In June of 2020, a spot was found on her rib. Bone can be tricky to biopsy, making bone metastasis difficult to confirm.

“I am working closely with Dr. Alan Sag, a Duke interventional radiologist, to address what we believe is bone metastasis,” said Cooke, who explained that the plan was for Sag to perform a biopsy with cryoablation, but it didn’t work out — Sag stopped after the biopsy due to safety concerns at that session. “On October 14, 2020, I’m (re) scheduled for a cryoablation procedure with Dr. Sag. He is brilliant and trustworthy and this makes working with him very easy. He has one of the best bedside manners of any doctor I have ever had. After the cryoablation and biopsy, Dr. Marcom and Dr. Sag will work together to determine next steps.”

After the cryoablation and biopsy, Dr. Marcom and Dr. Sag will work together to determine next steps.”

Bone metastasis is painful and notoriously difficult to treat. A CT-guided cryoablation, whereby a frozen probe is inserted into the biopsy site (immediately after the CT-guided biopsy) to shatter the tumor cells and tear apart tumor DNA, is one less-invasive treatment option.

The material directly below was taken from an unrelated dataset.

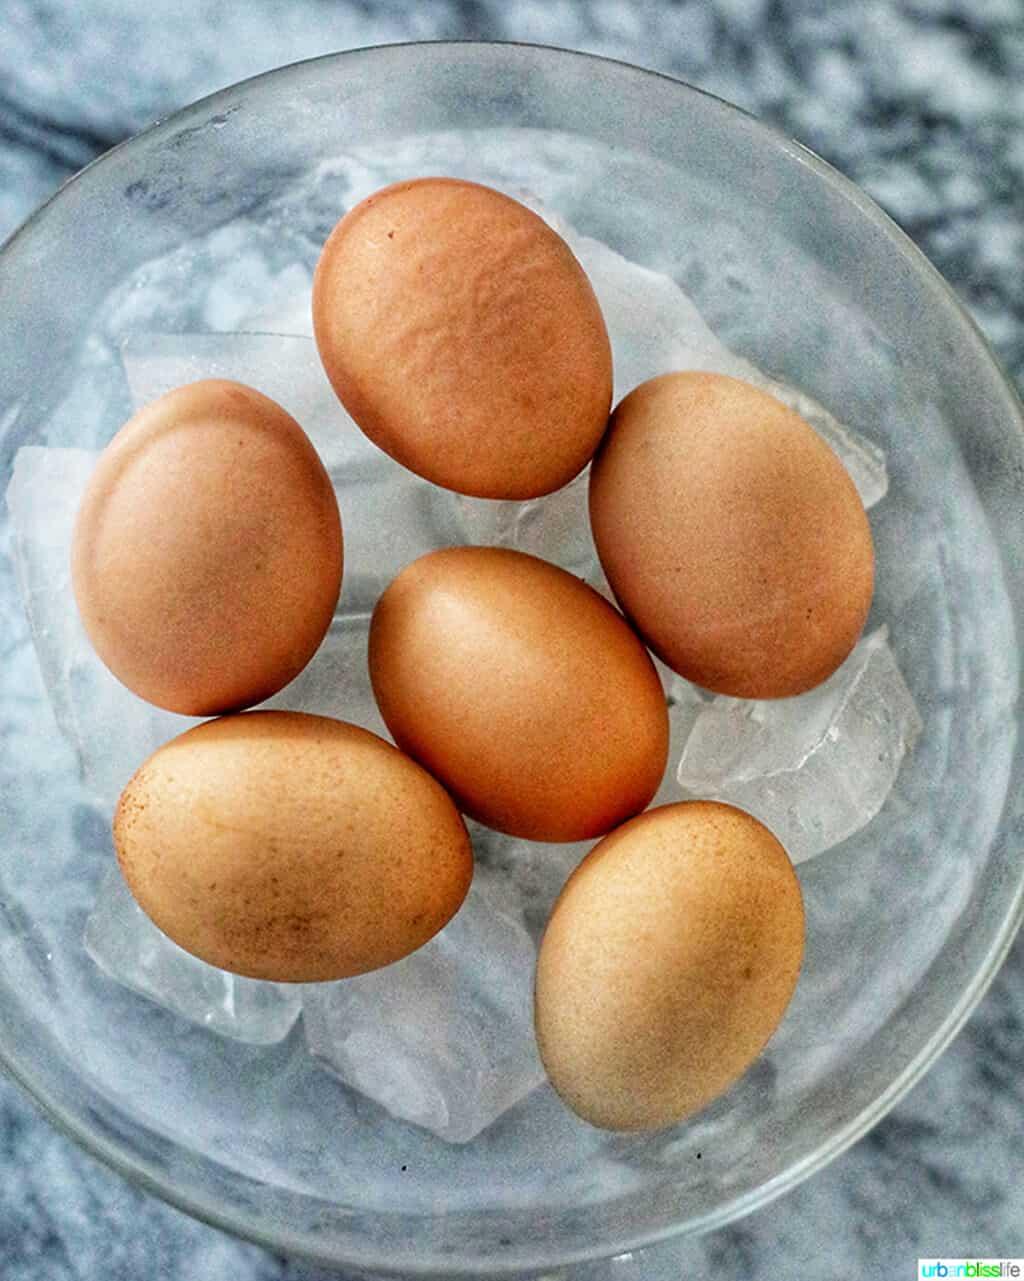 hard boiled eggs in an ice bath

The Thanksgiving holiday and Christmas are right around the corner. It’s Cooke’s favorite time of year. All throughout her illness, she didn’t miss a single Macy’s Thanksgiving Day Parade, a single Black Friday all-nighter family shopping ritual, or a single Christmas Eve dinner or “humongous Christmas morning breakfast” at her parents’ house.

“On Black Friday my Christmas shopping is done, my house is decorated on the outside and we get a live tree. I looooooooove Christmas,” said Cooke. “In 2011, I actually came back from Black Friday shopping, for radiation, and then went back out that same day.”

It’s bound to be different this year with concerns over exposure to COVID-19 and her evolving cancer situation. Her life is on the line.

“Research is the only thing that will keep me alive,” said Cooke. “Eventually, I will run out of options and that will be it. We have to do what it takes to save my life. My boys need their mom.”